### Work order
Beginning with the line containing "Single Family Homes" and going on through the line containing "राजस्थान रॉयल्स ने", the lines below are to be returned exactly, pictures excluded and nothing added.

### Data shown
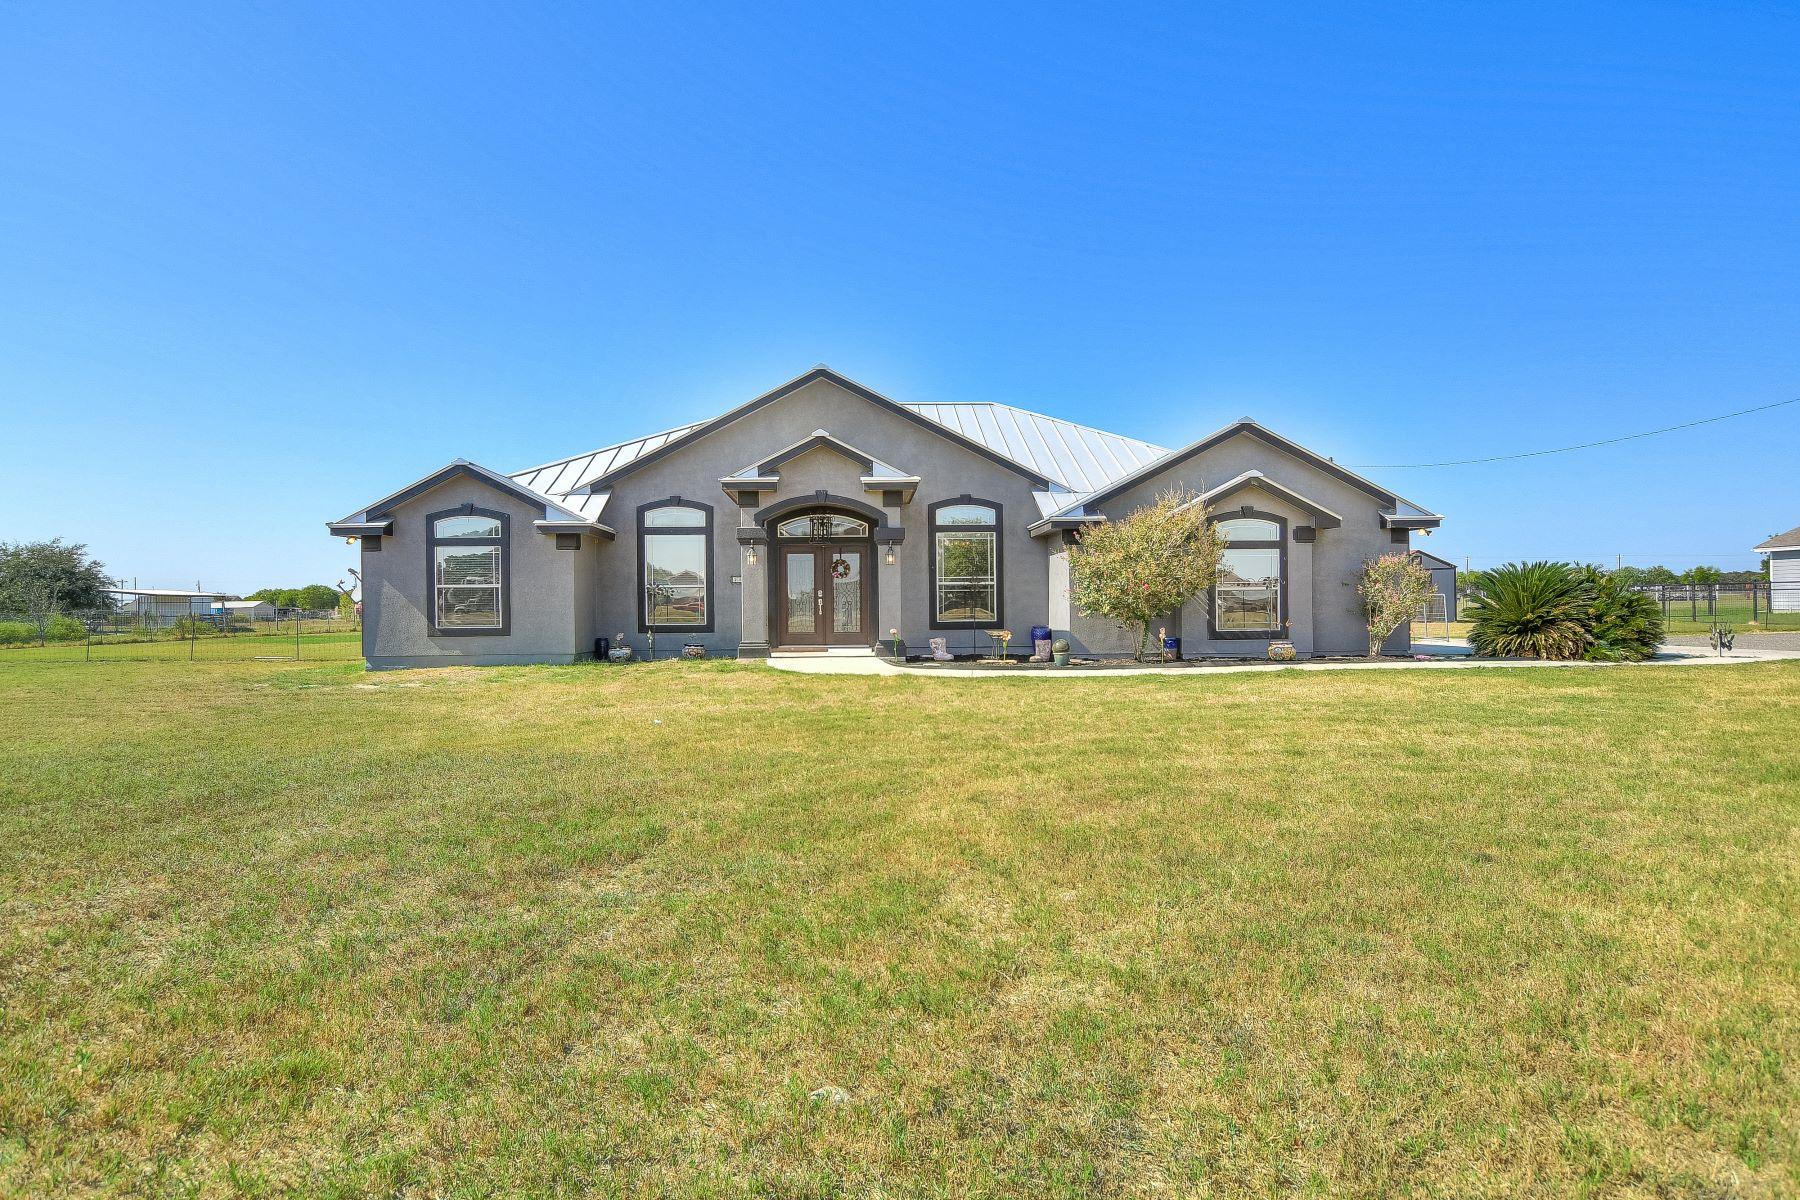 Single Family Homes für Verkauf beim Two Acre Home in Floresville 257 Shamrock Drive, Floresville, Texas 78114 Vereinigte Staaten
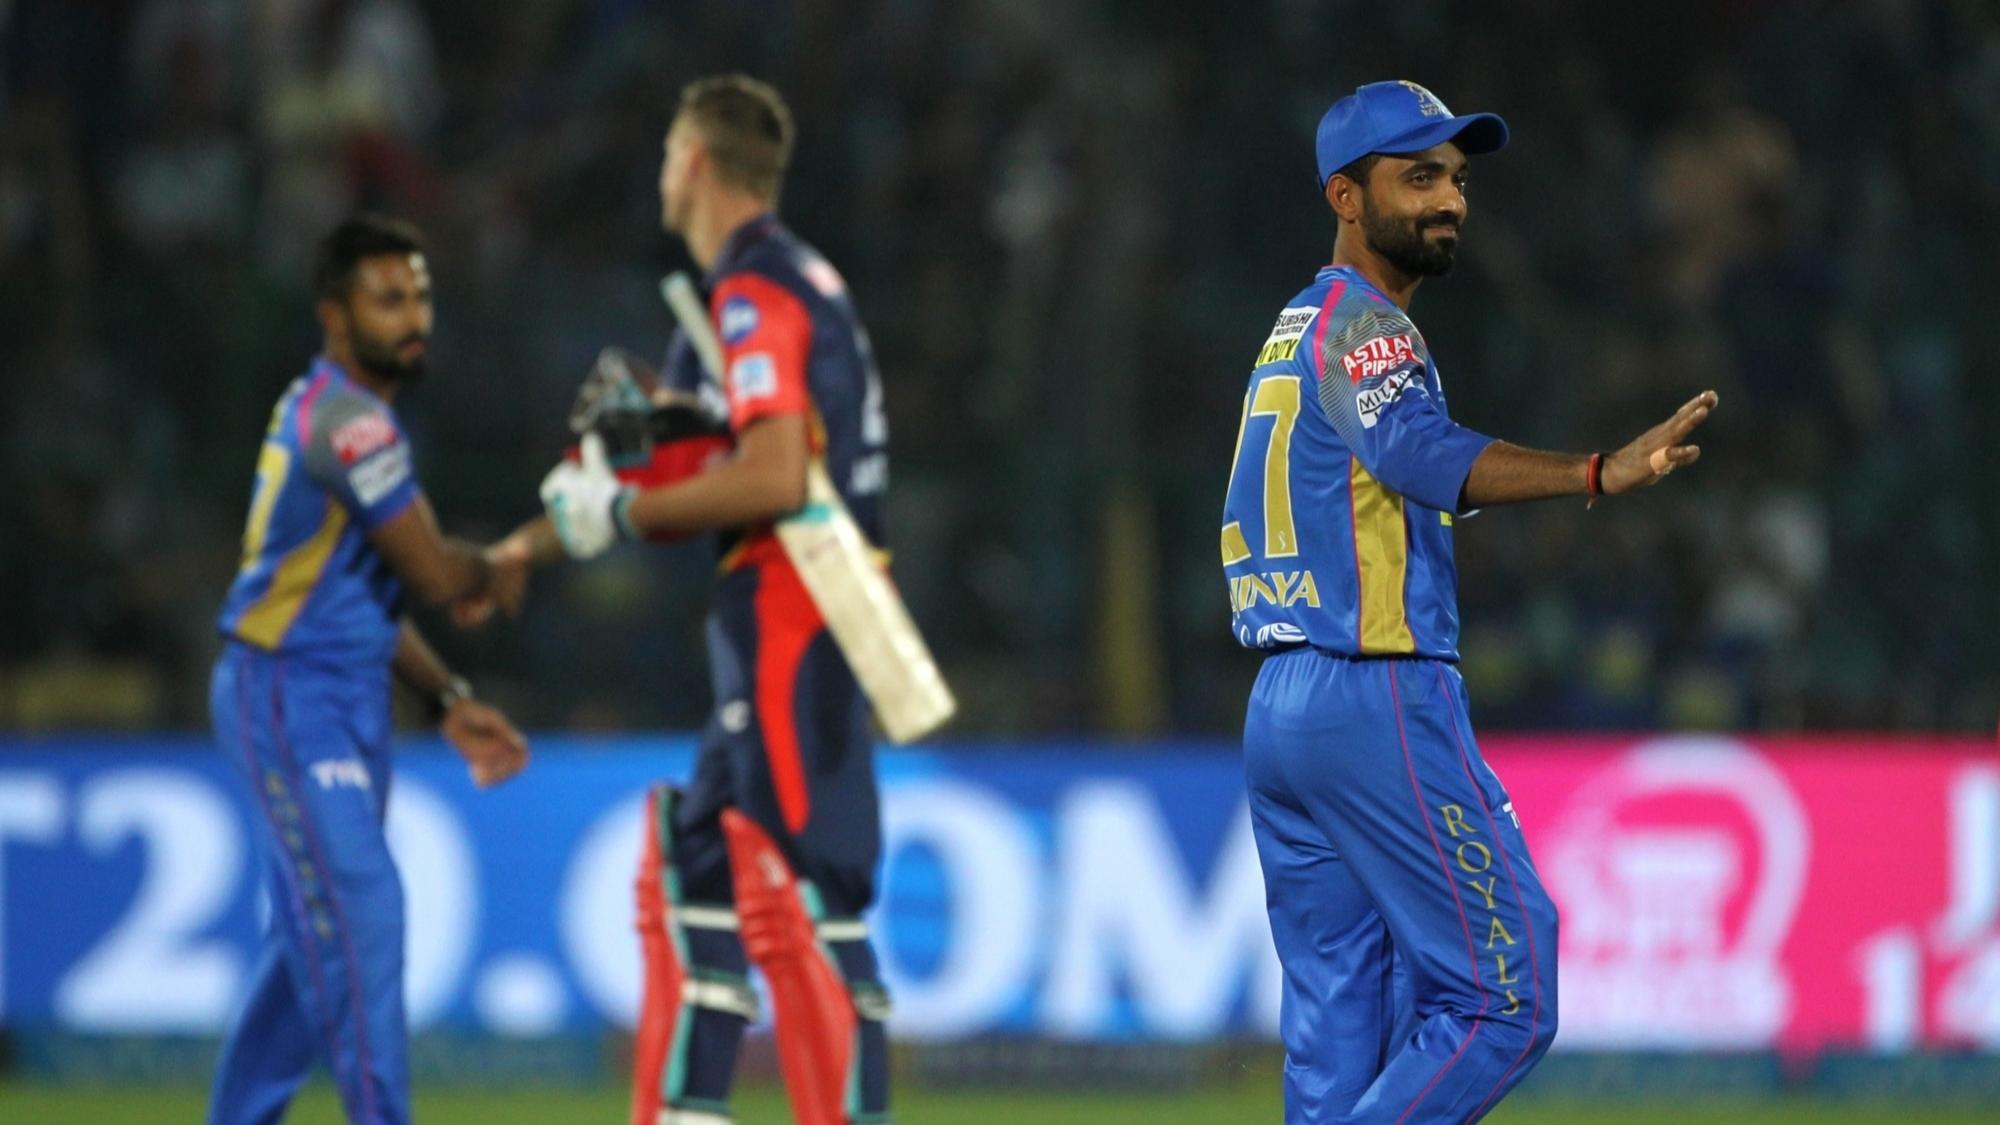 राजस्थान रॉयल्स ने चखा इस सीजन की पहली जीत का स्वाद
--
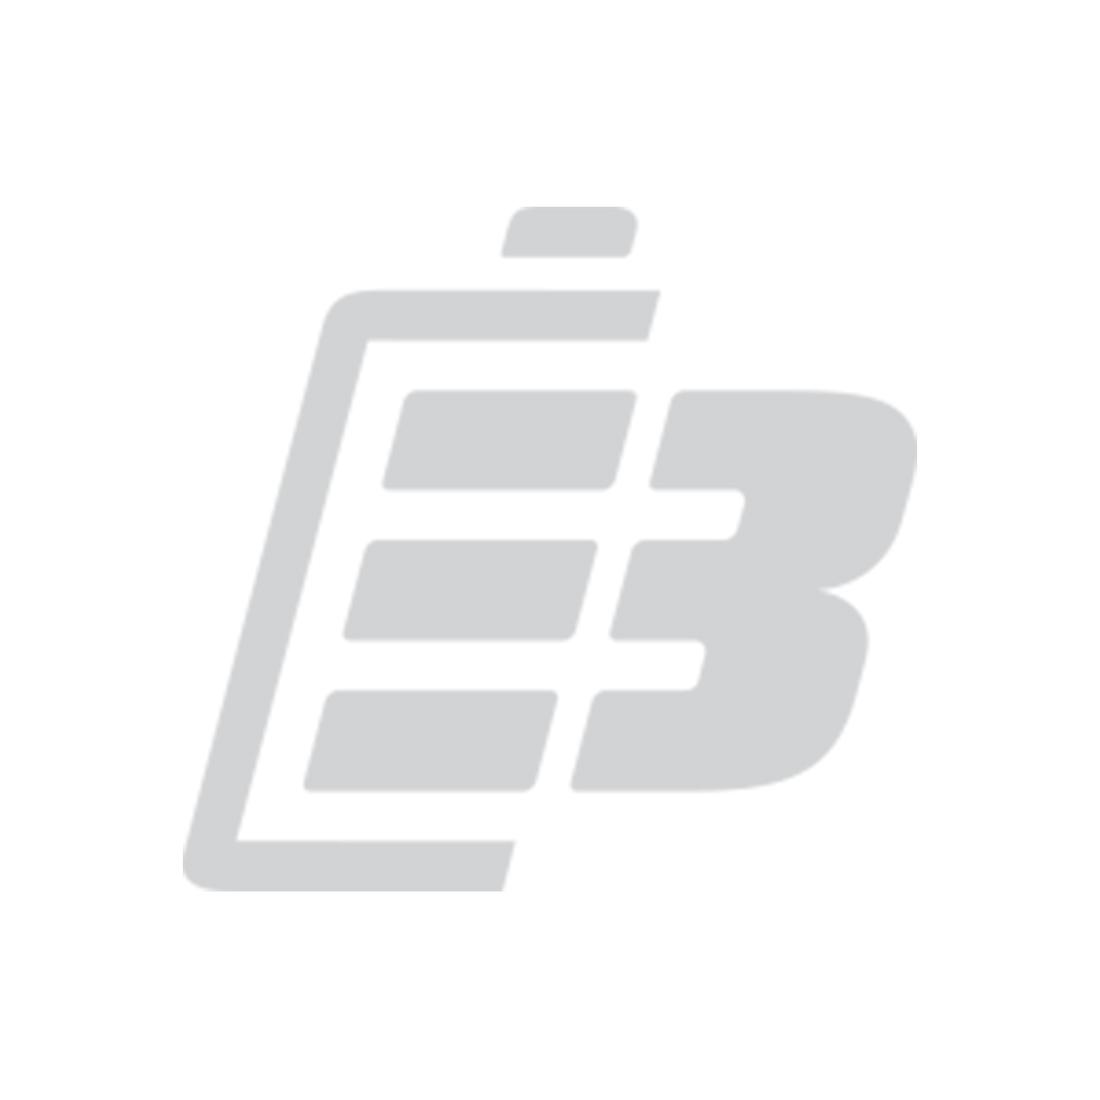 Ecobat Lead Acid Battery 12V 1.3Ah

### Result of this exercise
 Single Family Homes für Verkauf beim Two Acre Home in Floresville 257 Shamrock Drive, Floresville, Texas 78114 Vereinigte Staaten
 राजस्थान रॉयल्स ने चखा इस सीजन की पहली जीत का स्वाद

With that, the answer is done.